World Radio TV Handbook
- Predecessor: World Radio Handbook
- Founded: 1947
- Founder: Oluf Lund Johansen
- Country of origin: Germany
- Headquarters location: Freising
- Publication types: Directories
- Owner: Radio Data Center (RDC)
- Official website: www.wrth.info

= World Radio TV Handbook =

Yearly worldwide broadcasting directory

The World Radio TV Handbook, also known as WRTH, is a comprehensive directory of global broadcasting. It contains most radio stations with FM or AM transmitters as well as TV stations, published yearly. The focus is on frequencies, television channels and effective transmitter powers. The listings of international broadcasting and shortwave radio contain schedules. For major broadcasters, addresses, telephone numbers and e-mail are given.

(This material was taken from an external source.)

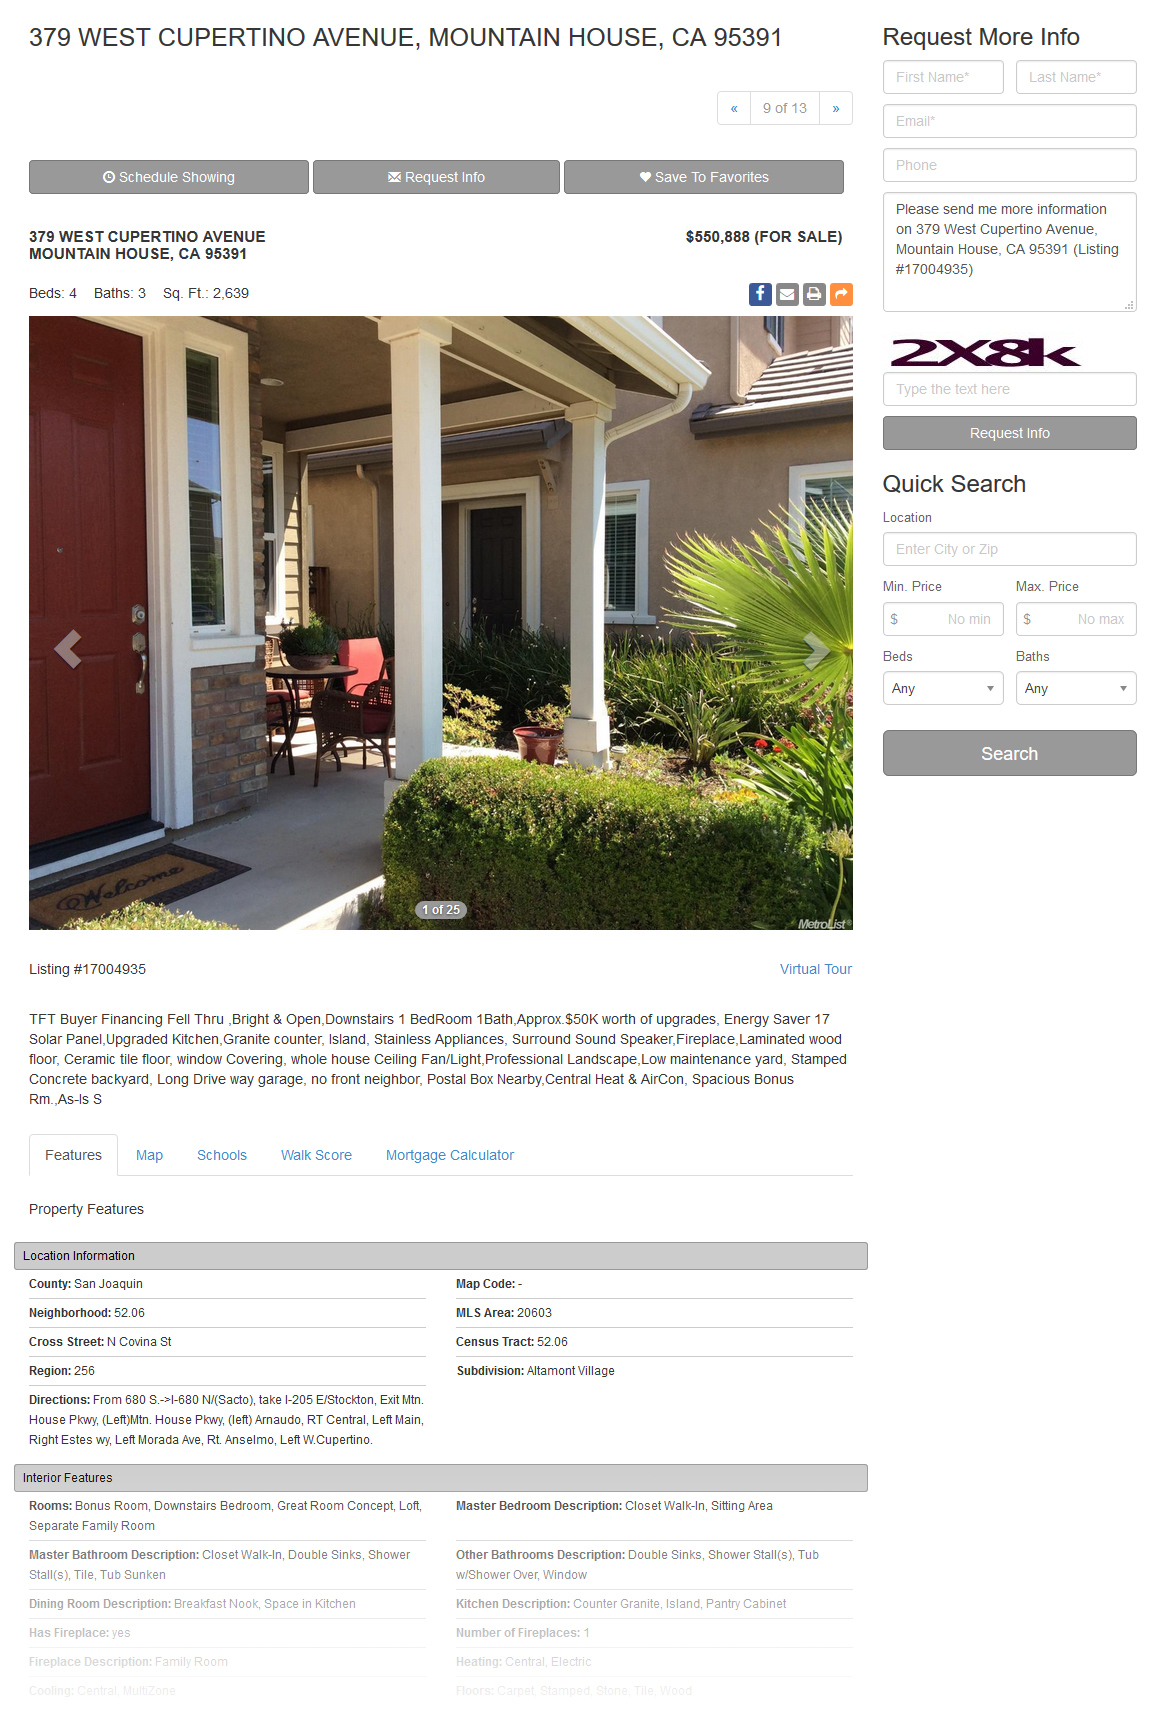 Real Estate Website Templates IDX MLS Integration Real Estate Designer

Started in 1947, it became one of the most important references for the DXing community, hobbyists trying to receive distant radio broadcasting. The German based Radio Data Center (RDC) which links DXing and professional data services has published the WRTH since 2022. including an app and an online version.

==History==
The WRTH was started in 1947 by Oluf Lund Johansen (1891–1975) as the World Radio Handbook (WRH). The first edition that bears an edition number is the 4th edition, published in 1949. The three previous editions appear to have been:
- the 1st edition, marked "Winter Ed. 1947" on the cover and completed in November 1947
- the 2nd edition, marked "1948 (May–November)" on the cover and completed in May 1948
- the 3rd edition, marked "1948-49" on the cover and completed in November 1948.

Issues with covers in Danish are known to have been available for the years 1948 May–November (2d ed.), 1950-51 (5th ed.; cover and 1st page in Danish, rest in English, most ads in Danish), 1952 (6th ed.; cover and 1st page in Danish, rest in English, most ads in Danish), and probably others. The 1952 English ed., which is completely in English, has an extra page with world times and agents, and ads in English which are sometimes different from the ads in the Danish edition.
German editions appeared at least between the years 1953-1955 under the title "Rundfunk Fernseh Jahrbuch".

Oluf Lund Johansen published, in conjunction with Libreria Hispanoamericana of Barcelona, Spain, a softbound Spanish-language version of the 1960 WRTH. The book was printed in Spain and called Guia Mundial de Radio y Television, and carried the WRTH logo at the time as well as all the editorial references contained in the English-language version.

The word "TV" was added to the title in 1965, when Jens M. Frost (1919–1999) took over as editor. It had then already included data for television broadcasting for some years. Summer Supplements appear to have been issued from 1959 through 1971. From 1959 through 1966 they were called the Summer Supplement. From 1967 through 1971 they were called the Summer Edition. Through the 1969 edition, the WRTH indicated the date on which the manuscript was completed. Hardbound editions are known to have been available for the years 1963 through 1966, 1968, 1969, and 1975–1978, and probably others.

After the 40th edition in 1986, Frost handed over editorship to Andrew G. (Andy) Sennitt.

While offering comprehensive information about AM radio, the FM section could only list major stations for reasons of capacity. In order to fill this gap, German DXer Günter Lorenz started the publication of FMLIST in 1986, which has grown to the world’s most comprehensive database for FM broadcasting with editors from the DX community around the world. It was soon supplemented by MWLIST, the counterpart for medium and shortwave radio. Since his company RDC took over the publication of the WRTH, both databases have become the main source for the book.

==Publications==
- Various authors World Radio TV Handbook 75th ed. 2021, WRTH Publications Limited, 2020 ISBN 978-1-9998300-3-8.